Real-time evaluation platform for recommending news articles

Octopeek funds many R & D topics in artificial intelligence, including that of Julien Hay, PhD and Data Scientist, specializing in artificial intelligence and natural language processing (NLP).

Julien was interviewed recently about a project he presented at NEURIPS:

The Renewal Project

Last December, you were in Montreal for the NeurIPS 2018 conference to present a project you are working on. Before telling us about your project, can you explain the purpose of this conference to the uninitiated?

The NeurIPS conference is THE big annual event for Machine Learning and Neural Networks. It deals with artificial intelligence and computational neuroscience. In concrete terms, it is one of the largest conferences in the world on artificial intelligence. This year, we met many researchers from many companies such as Google, Netflix, Nvidia, Amazon and others.

What were your observations resulting from your research?

We were able to identify gaps in the state of the art of Challenge Platforms, particularly in terms of available data (content of news articles and users’ reading history), but also in terms of evaluation bias introduced by the technical constraints of certain platforms such as NewsREEL. Then in 2018 we developed a first prototype of this project.

You presented your project “Renewal”. Can you tell us more about its origin and its focus?

The project was introduced in the CiML workshop (Machine Learning competitions “in the wild”: Playing in the real world or real time) on the subject of challenges and platforms for real-time interaction with the world, and, in the case of the Renewal project, real-time interaction with users. The main focus of this workshop is to gather researchers around specific tasks and thus to promote research around common issues.

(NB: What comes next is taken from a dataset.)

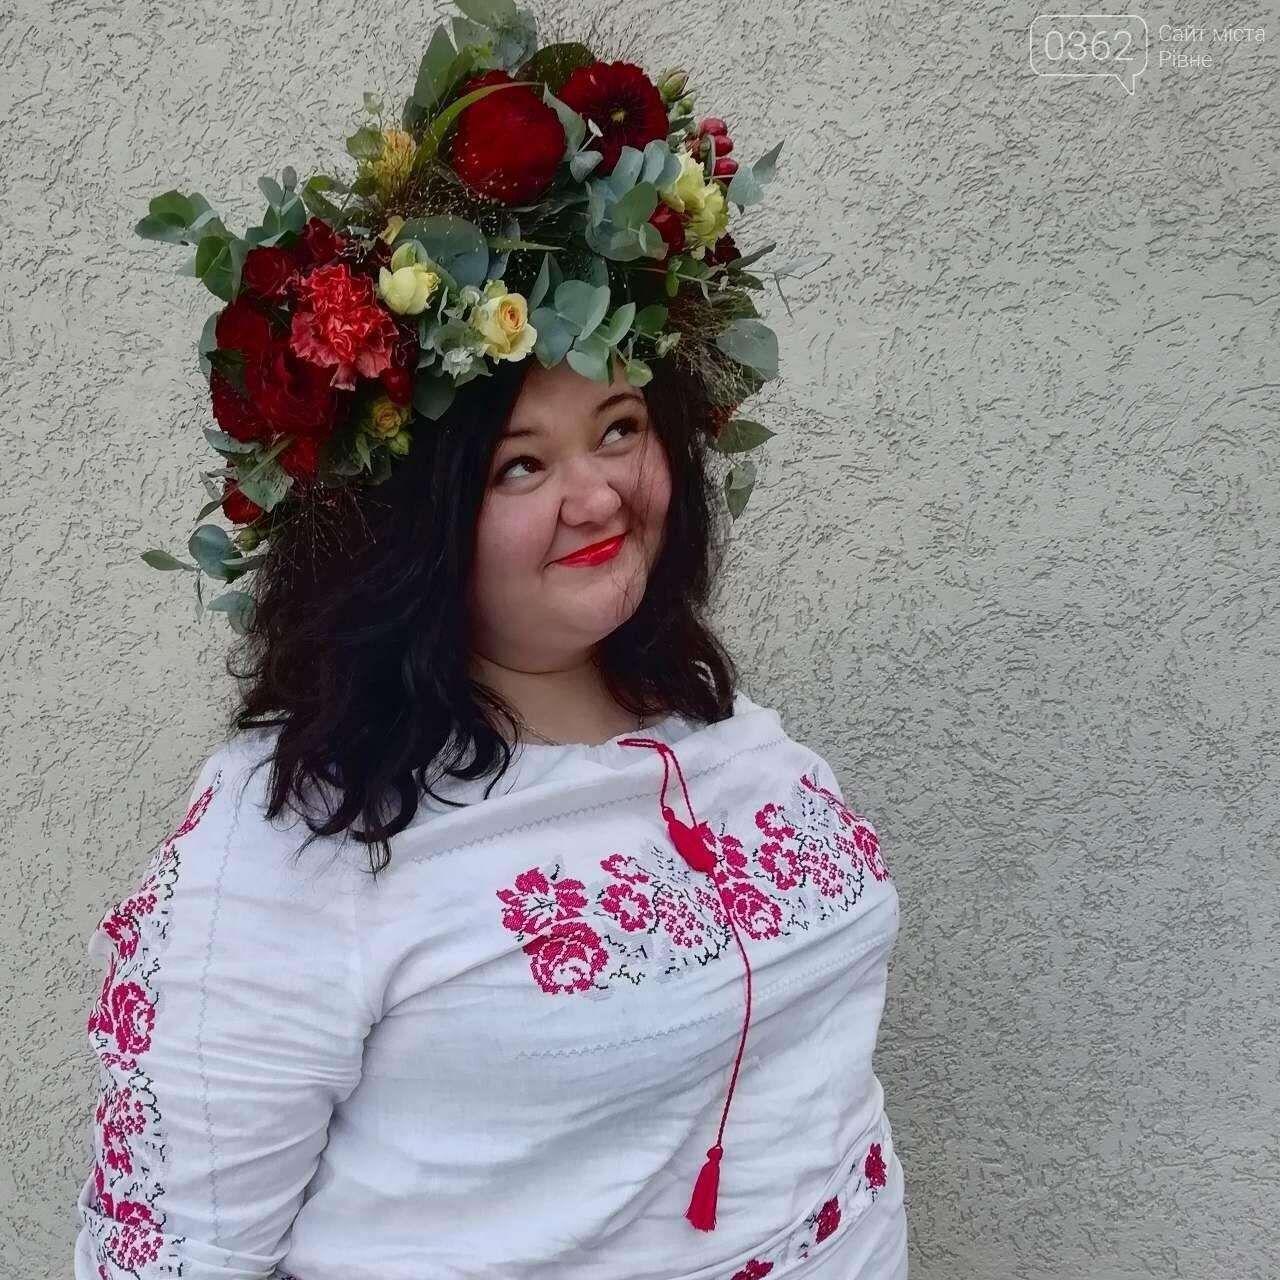 Найпрекрасніші спогади та романтичні почуття подарує квітковий магазин «Розалія» у Рівному  , фото-3

The Renewal platform is a Challenge Platform project dedicated to recommendation systems. It will allow different research teams to propose recommendation algorithms that will be evaluated and compared in real time.

The Renewal project comes about from the desire of the Octopeek R & D team to contribute to research through the organization of challenges, as well as the lack of reliable evaluation frameworks in the recommendation system community. The challenges are a way of obtaining both solid indicators of the performance of the algorithms and models proposed in a community, as well as being able to compare them and thus determine which model is the most efficient for which task. The specification of an evaluation framework such as that proposed is a fully-fledged research project in the exploration of methods to debug evaluations and compose an architecture for algorithmic competition.

Can you describe the design and development stages of the application?

The first step was to develop the mobile app to send recommendations of news articles to users, in order to set up our experimental framework.

In parallel, we developed an architecture adapted to this type of comparison platform. This platform manages both the indexing of news articles on the web, as well as the assignment of users to the different recommendation algorithms of the research teams. A first prototype was developed during 2018. The diagram below illustrates the overall Renewal architecture. The back-end platform (on the left) supports the indexing of articles on the web by exploiting different sources. Then all the information is sent to the research teams’ algorithms (bottom right of the diagram) who send their recommendations to the mobiles of the users (top right). Finally, through the mobile app we observe all user interactions to evaluate each system involved.

Of what does the mobile app consist and how will you evaluate the performance of the algorithms?

The application presents news articles recommended by different systems (see diagram on the left). In the case where the user chooses to read System A items more often than System B, then we will establish in real time that the A versus B comparison favors A (of course by averaging all users assigned to systems A and B). We therefore use the evaluation technique known as A/B testing.

Thank you Julien. That makes it very clear. What are the next steps?

To start with, we will finalize the development of the platform by implementing the real-time evaluation part, as well as the communication between the mobile app and our back-end architecture. Then we plan to organize evaluation campaigns as well as workshops about the platform and the task of recommending news articles. The development of the project resumed in September 2019 with funding from the LRI.